Similarly, we are seeing one of the most absurd movements of all as universities fall all over themselves to be "inclusive". White students are being actually demonized for their "inherent racism" and "privilege".  To be a person of color is noble. To be white is to be privileged. Indeed, many white students are rushing to don sack cloth and ashes not because of what they have done or said, rather because of what they are.

Even more absurd is the effort to make students feel secure, included and protected from such things as "macro-aggressions", "micro-aggressions", "trigger warnings" and other boogie men. Universities now talk of "safe spaces", where the little snowflakes (our term) can even hold teddy bears, hold hands and express their fears.

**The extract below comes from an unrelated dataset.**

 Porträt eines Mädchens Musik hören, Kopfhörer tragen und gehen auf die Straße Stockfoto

Just in time for President Donald Trump.

With Trump's election, our universities have truly lost their collective minds. Fortunately for them (and unfortunately for the rest of us) they already have the safe space infra-structure in place. University administrators, aided by their departments of equity, diversity and inclusion, are offering students counseling and group therapy sessions in order to cope with the pending arrival of the Evil Donald. If students are too traumatized to attend class or take a test, preferring to attend a protest instead, faculty are all too accommodating. (After all, they are probably too traumatized themselves to teach a class.) In effect, our universities have put their imprimatur on rejecting the results of this election. When a university president sends a campus-wide email out stating that "the university understands how deeply sad you feel about this election and we are here to help you," they are stating that they are also sorry that Hillary Clinton was not elected. That may be OK for a private school, but it is not OK for a public one.

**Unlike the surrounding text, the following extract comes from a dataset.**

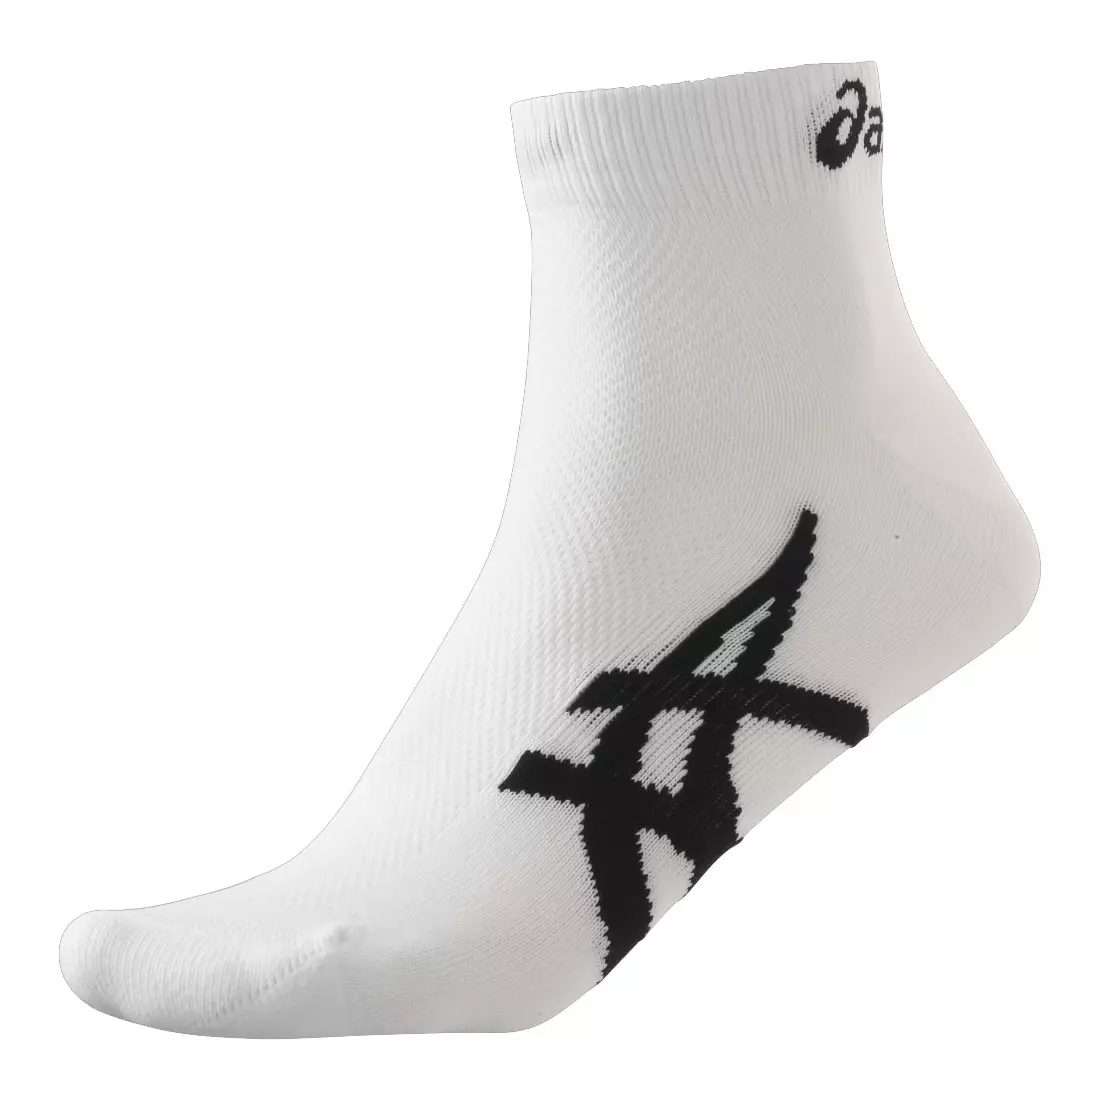 Běžecké ponožky řady ASICS 1000, 2 balení 123438-0001

To be fair, universities also have science departments, foreign language departments, engineering departments, and others where real education is taking place. It is in the humanities and social sciences where you usually see the misfit professors and indoctrinated students.  Entire departmental chairs devoted to ethnic studies, gender studies, and gay and lesbian studies are of questionable value other than fostering group identity and separating our students into tribes. Now some schools are even instituting black dorms. Segregated water fountains can't be far off. New words-especially pronouns-are being invented for those students who feel our current vocabulary is too sexist. The University of California at Santa Cruz, which I call, "America's Wackiest University", actually has a Community Studies department (teaching the little rascals how to organize and protest) as well as  a History of Consciousness Department, in which the notorious Angela Davis was a faculty member.

This is what we are paying for in California.

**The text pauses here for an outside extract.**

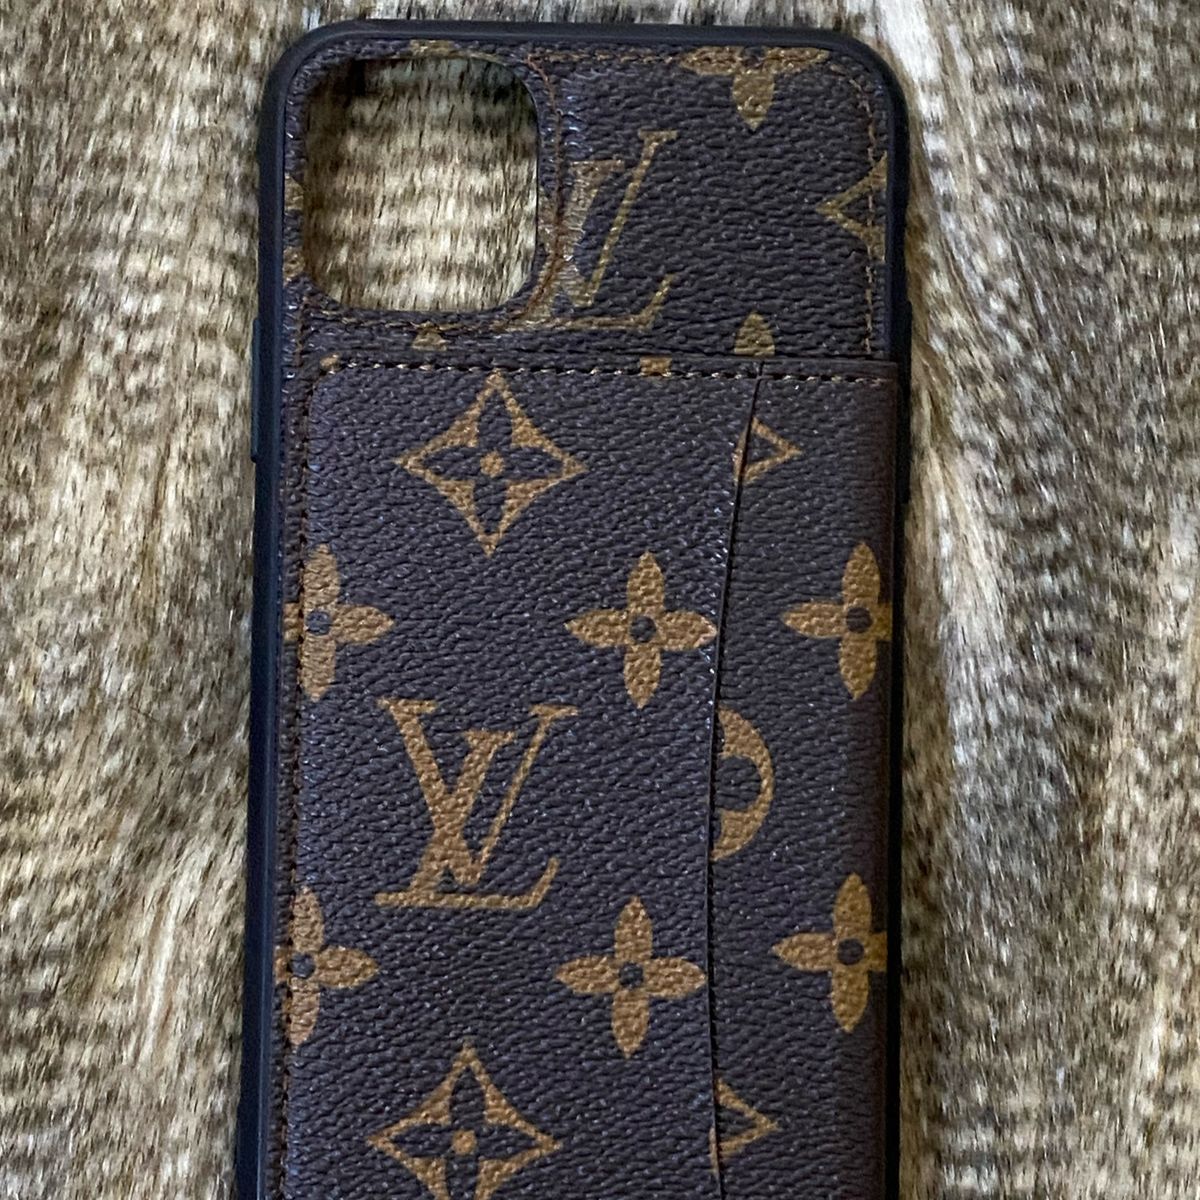 Case Capa Capinha Iphone 11 5.8 Louis Vuitton Monogram Porta

It is tempting to say that it can't get any worse than this, and that from now on, it can only get better. Yet until these universities see their enrollment and funding drying up, they will not reform. Until then I cannot answer the question of whether they have truly hit rock bottom. I try to maintain a sense of humor about it all. It is easy to laugh at the utter stupidity exhibited by people who, with their advanced degrees, should know better. It isn't funny, however, when you consider that every future leader of this great country is walking on our college campuses today.